# Travelling Mice



## beecee (Aug 17, 2009)

Hello,

This is one of a series of 'newbie' questions I am asking around the forum - please forgive me if they are totally amateur as I know many of you are experts.

My daughter (nearly 12) is looking to start keeping mice. I know she has an idea that with a suitable travelling case she might be able to take them on trips places (in the car; to visit friends).

:: Do mice travel well?
:: Are there any tips for making mice comfortable for travel (water, food)?
:: Should mice travel in pairs, or in different cases?
:: How big should a 'travel' case be

Again, I am sorry if these questions appear 'totally beginner' - I am! 

Thank you


----------



## Mari (Jul 21, 2009)

These are great questions to ask before considering a new pet!
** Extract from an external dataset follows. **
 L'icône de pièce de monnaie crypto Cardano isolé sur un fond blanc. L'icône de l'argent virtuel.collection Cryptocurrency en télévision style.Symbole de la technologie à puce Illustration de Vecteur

I, personally, would not take my mice with me unless I was going to be staying somewhere else for at least a long weekend. I don't think the benefit outweighs uprooting them and causing them stress, otherwise. As they are perfectly fine left overnight or longer with ample food and water.
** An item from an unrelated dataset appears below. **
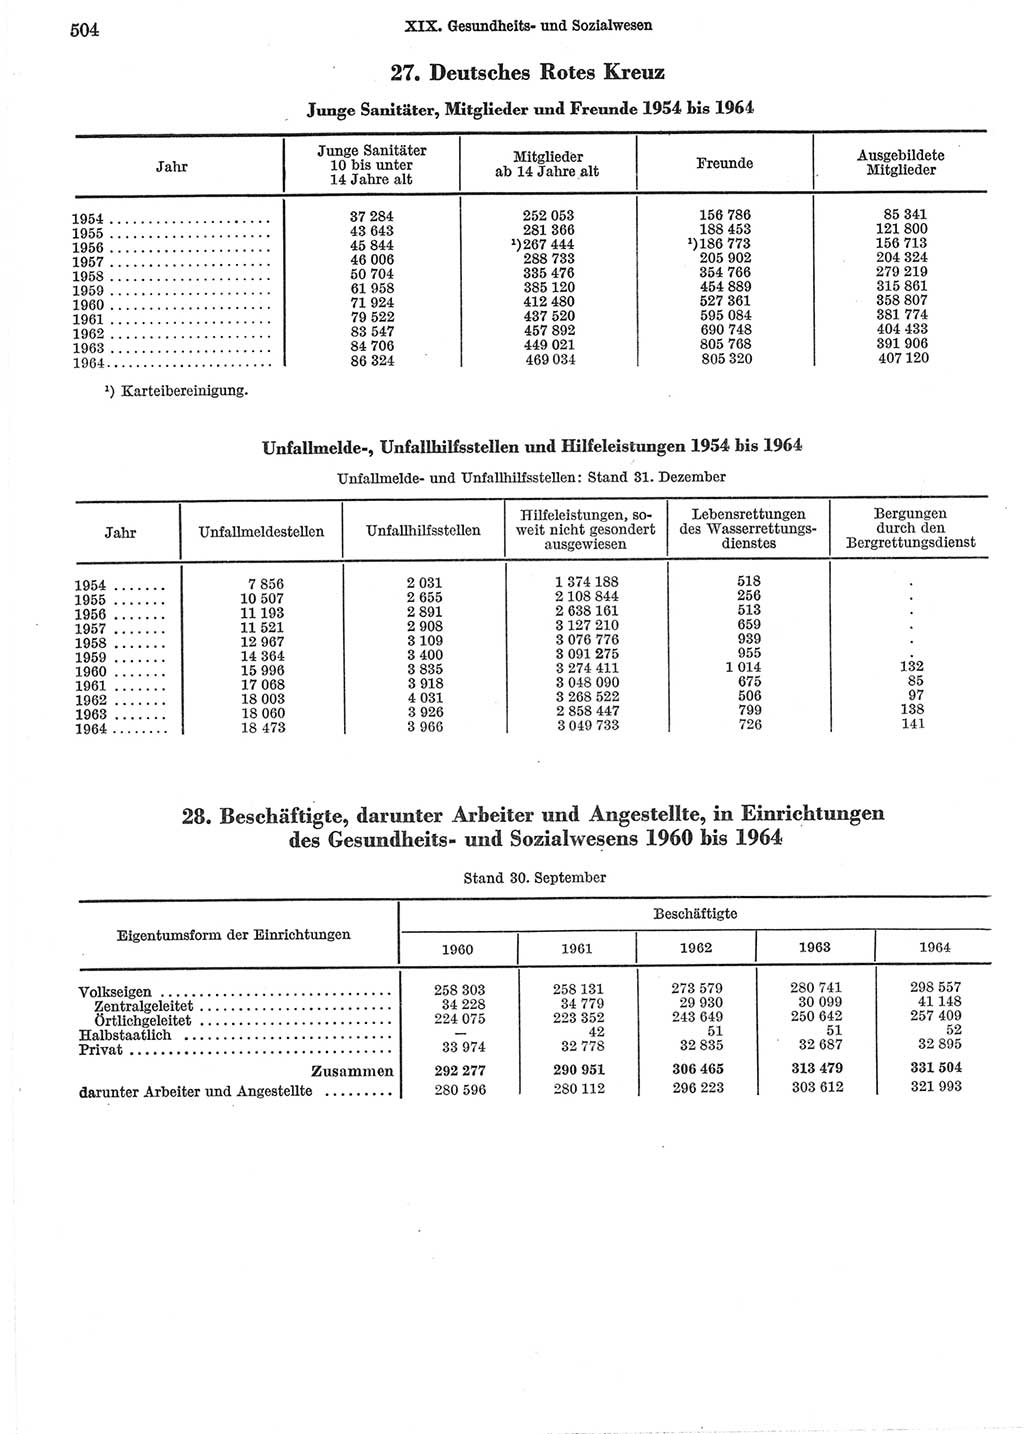 Statistisches Jahrbuch der Deutschen Demokratischen Republik (DDR) 1965, Seite 504 (Stat. Jb. DDR 1965, S. 504)

Travelling will be somewhat stressful for any animal of this nature, so I would do my best to make it as comfortable as possible. If it's going to be a longer car ride, I would try to provide food and water in an effective way. Whenever I've travelled with mice I've used modified rubs (plastic totes with ventilation, etc). They're easy to stack and move. Not as bulky as a regular cage. For a pair of mice, I've used the 6qt, for more I use the 12qt.

Hope that helps a little. Some of the people that regularly show could probably offer a lot more help as they travel with their mice on a regular basis.


----------



## beecee (Aug 17, 2009)

Thanks Mari,

I am inclined to lean toward caution I think with regard to 'mouse travel' - but it is good to gather more expert views!


----------